The processor 220 may also be referred to as a controller, a microcontroller, a microprocessor, a microcomputer, or the like. On the other hand, the processor 220 may be implemented by hardware (hardware) or firmware (firmware), software, or a combination thereof. When implementing embodiments of the present invention using hardware, application specific integrated circuits (ASICs) or digital signal processors (DSPs), digital signal processing devices (DSPDs), programmable logic devices (PLDs) configured to perform the present invention. Field programmable gate arrays (FPGAs) may be provided in the processor 220.

Meanwhile, when implementing embodiments of the present invention using firmware or software, the firmware or software may be configured to include a module, a procedure, or a function for performing the functions or operations of the present invention, and to perform the present invention. Firmware or software configured to be may be provided in the processor 220 or stored in the memory 230 and may be driven by the processor 220.

According to an embodiment of the present invention, in a positioning service in an LTE system, a user may determine which location position service to use through functions for tracking a location added in LTE in addition to general GPS. As a result, it is possible to use the determined position position service. In addition, the user can automatically perform an optimal position measurement method according to the situation, and recognize the most accurate position measurement method through the generation of the error. Many new technologies are being introduced today, in addition to the GPS we know when it comes to LTE. These have many advantages, such as providing precise location information in places where previous GPS is not easy.

In addition, the present invention enables users to perform their required services in an area where GPS reception is impossible based on the location information system in the LTE (Long Term Evolution) and LTE (Long Term Evolution-Advanced) systems.

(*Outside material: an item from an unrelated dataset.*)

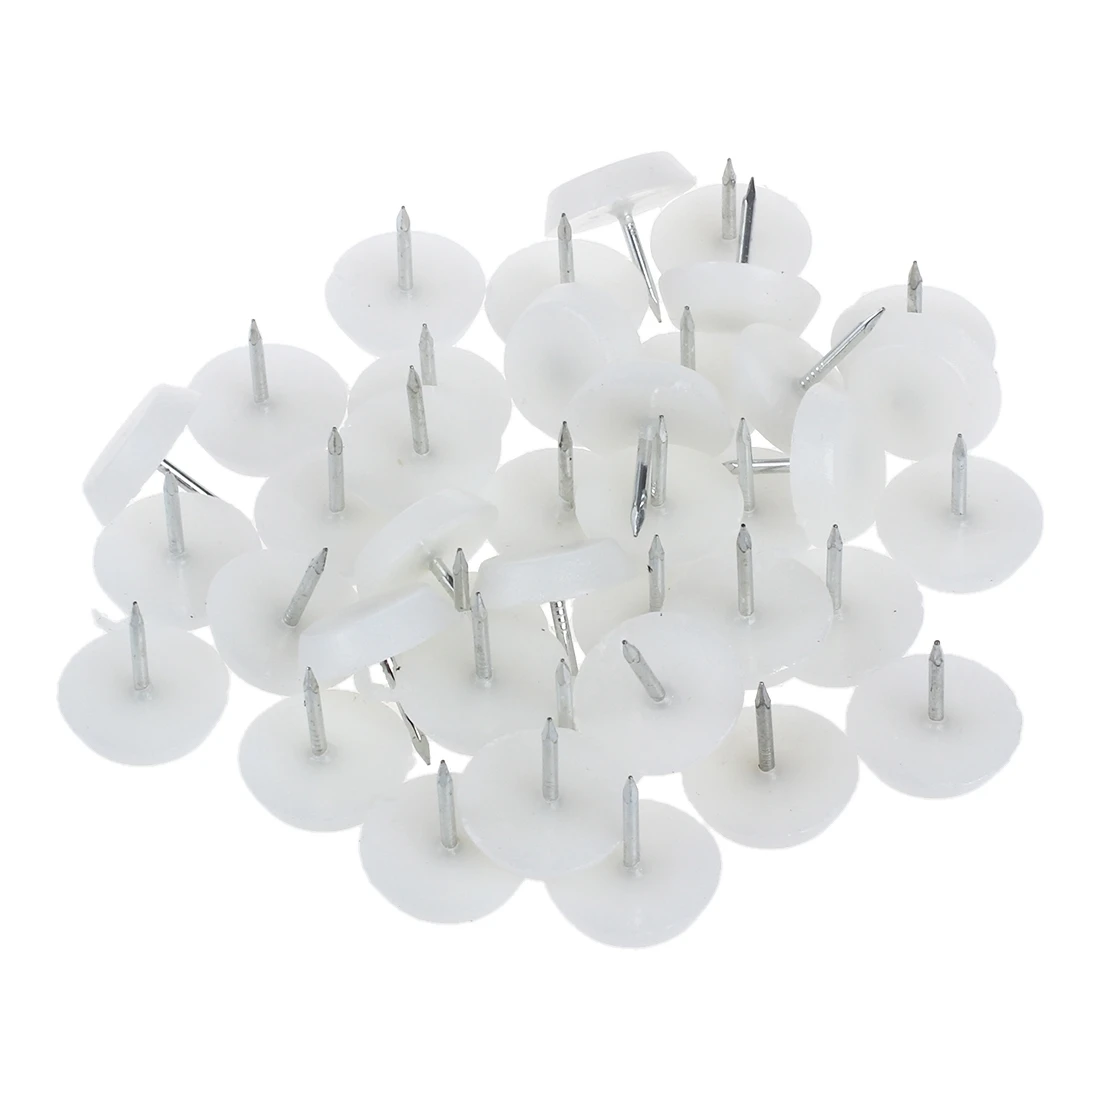 10mm Furniture Glides Plastic Protector Pads Chair Table Sofa Made in Germany

In addition, the location information service can include a Minimization of Drive Test (MDT) function to display the error range of the actual area of the user, thereby providing a higher quality service than the simple location information map display.

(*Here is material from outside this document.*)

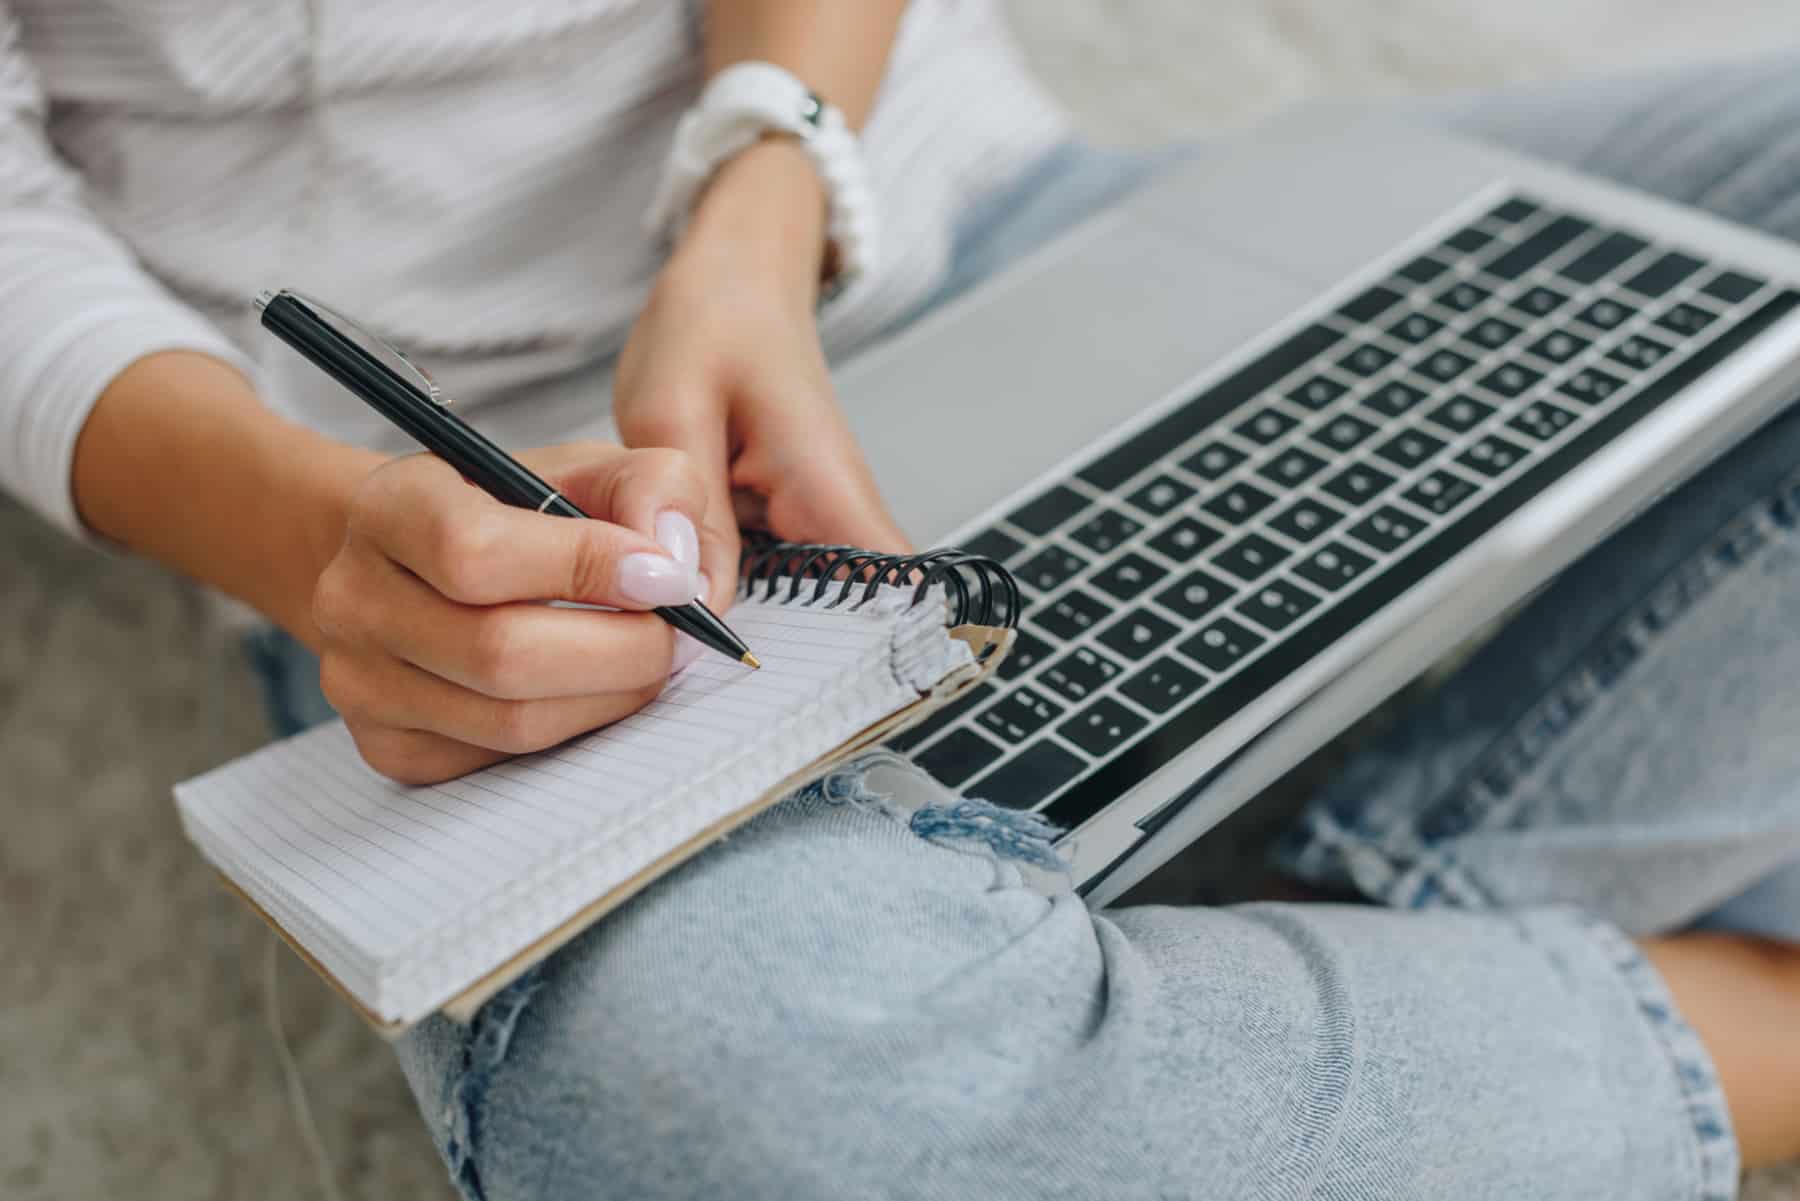 Woman writing in notebook with laptop on lap

In LTE Release 9 or LTE-A (Release 10), the Location Position Protocol (LPP) is introduced. LPP provides the following three positioning methods. This LPP technology is divided into three functions: Assisted Global Navigation Satellite System (A-GNSS), Observed Time Differential Of Arrival (OTDOA), and Enhanced Cell ID (E-CID) to be.

In the 3GPP (3rd Generation Partnership Project) LTE, the LBS positioning method is standardized by the LPP, and the positioning method based on the satellite and Evolved Universal Terrestrial Radio Access Network (E-UTRAN) is provided.

3 is a diagram illustrating a basic model constituting the LPP.

Referring to FIG. 3, in the LPP model, the location server may transmit assistance data for positioning to the terminal. That is, the location server can transmit assistance data to the terminal so that the OTDOA / A-GNSS scheme can be used. Although not shown in FIG. 3, when the location server requests location information from the terminal before transmitting assistance data for positioning to the terminal, the terminal further transmits a request for assistance data back to the location server. May be included.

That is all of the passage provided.